Let me give at least one concrete example, hopefully without using too much jargon, and follow it up with lessons learned. I hope I don’t offend any of my former colleagues who spent years doing excellent work on these projects. They did exactly what was asked of them and more. It’s not like we had a bad design or a poor implementation; just the opposite. In fact, we had some of our best people working on the project and they all did great work. It’s just that they spent years working on a project that should have never happened. That was at least partly my fault. Mea culpa. I should have known better.

One of my early jobs at Microsoft was to oversee several engineering teams in the Windows division. One of these teams delivered all the core file system functionality to the broader Windows businesses selling solutions to our customers, both consumer editions running on PCs and laptops and enterprise editions running on servers.

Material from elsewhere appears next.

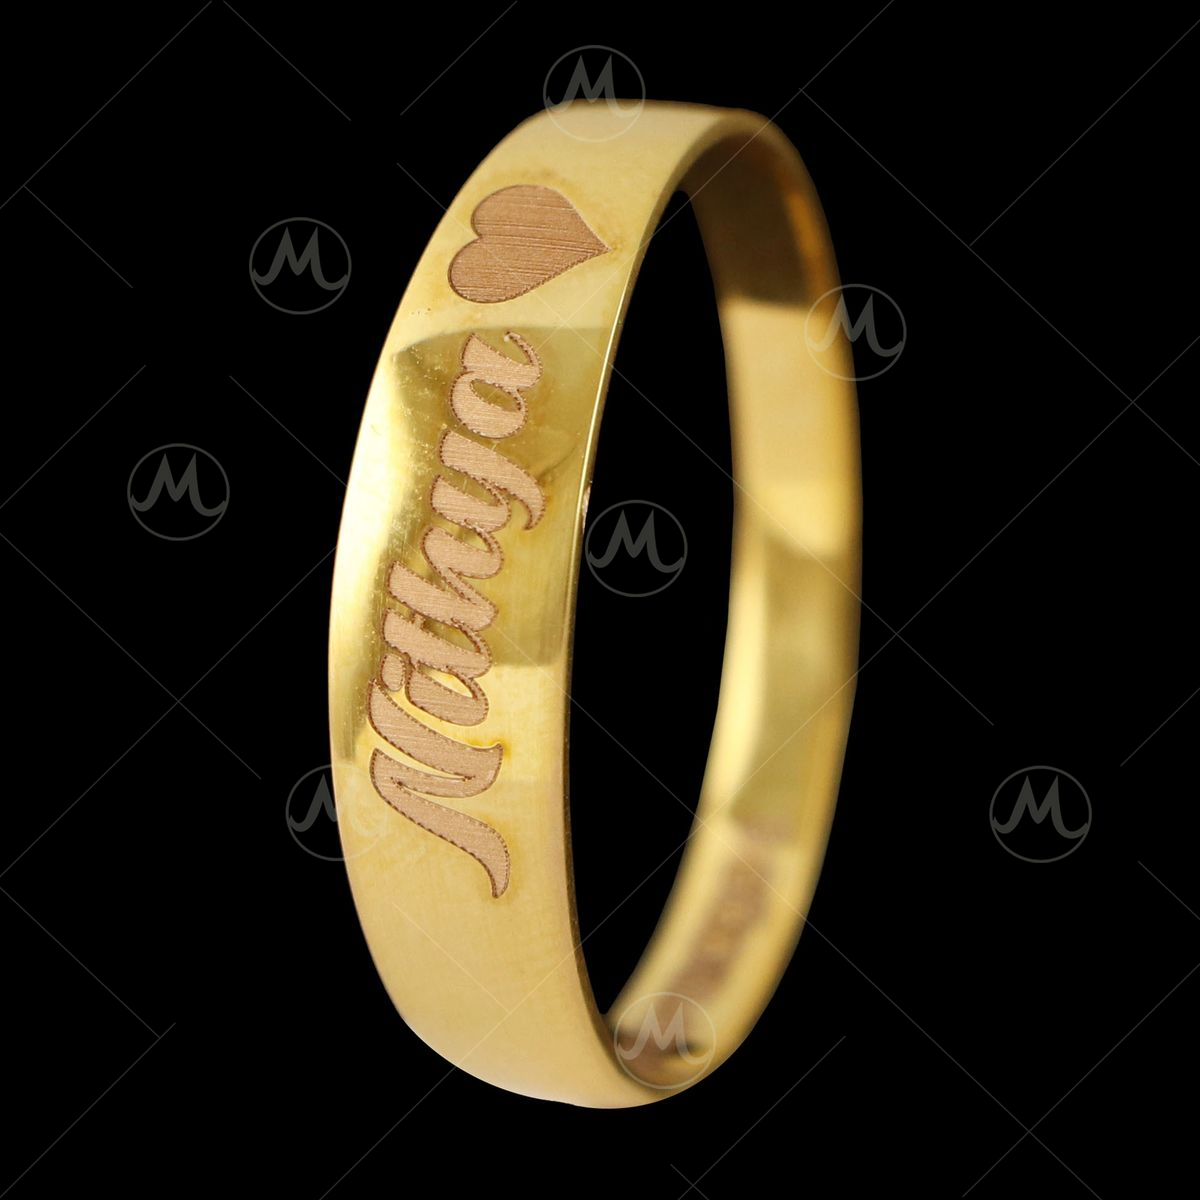 Men's Custom Name Ring Yellow Gold Plated 925 Silver | eBay

One of our success stories was the FAT file system: the same file system that you use every time you plug in a USB thumb drive or an external disk or even an old-fashioned floppy disk! Pretty much every device in the industry, almost regardless of the OS it runs, still uses this simple on-disk format to expose file level functionality to applications. We managed to make it an industry standard for all removable media and for devices like digital cameras.

FAT was originally designed in the early personal computer days and lacked many features. There was no built-in security, it had limited file naming capabilities, the original version supported only small disks, it didn’t have resiliency characteristics and could easily be corrupted during a system crash, etc. But it was simple, fast, and ubiquitous.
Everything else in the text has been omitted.